What are the implications of tokenized U.S. Treasuries for the market?

Tokenized U.S. Treasuries are reshaping traditional finance by making government-backed debt more accessible and liquid. These instruments allow investors to trade digital tokens representing U.S. government debt at any time, which is a departure from traditional market hours. They also serve as collateral in DeFi protocols, opening up new use cases and opportunities for liquidity providers.

Products like USDY appeal to individual investors due to their lower entry barriers, while others like BUIDL cater to institutional clients with higher minimum investment requirements. This dual approach ensures that both retail and institutional investors can benefit from the advantages of tokenized assets. As these instruments gain traction, they are likely to influence the broader adoption of tokenization in other asset classes, such as private credit and real estate.

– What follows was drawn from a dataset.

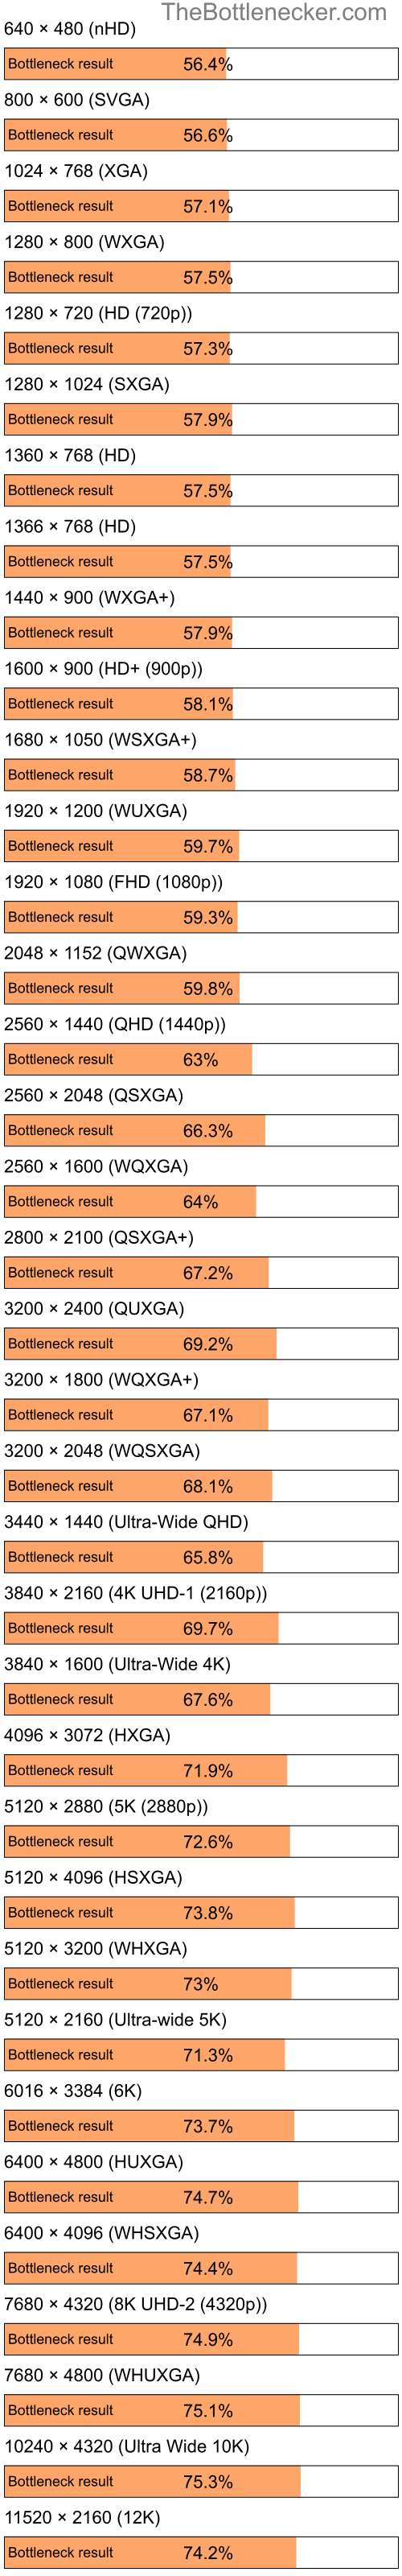 Bottleneck results by resolution for Intel Pentium 4 and NVIDIA GeForce 9500M GS in General Tasks

What are the risks and limitations of tokenized U.S. Treasuries?

Despite the growth and potential of tokenized U.S. Treasuries, there are risks and limitations to consider. The market is still relatively new, and regulatory frameworks may not yet be fully developed to address the unique aspects of tokenized assets. Additionally, while these instruments offer 24/7 trading and liquidity, they are still subject to market volatility and price fluctuations.

Another limitation is the current low percentage of stablecoin transactions that involve real-world payments. Although stablecoins have moved $35 trillion on blockchain rails in 2023, only 1% of this volume represented actual payments such as remittances and B2B transactions. This highlights the need for clearer benchmarks to evaluate the true impact and adoption of tokenized assets in the real economy.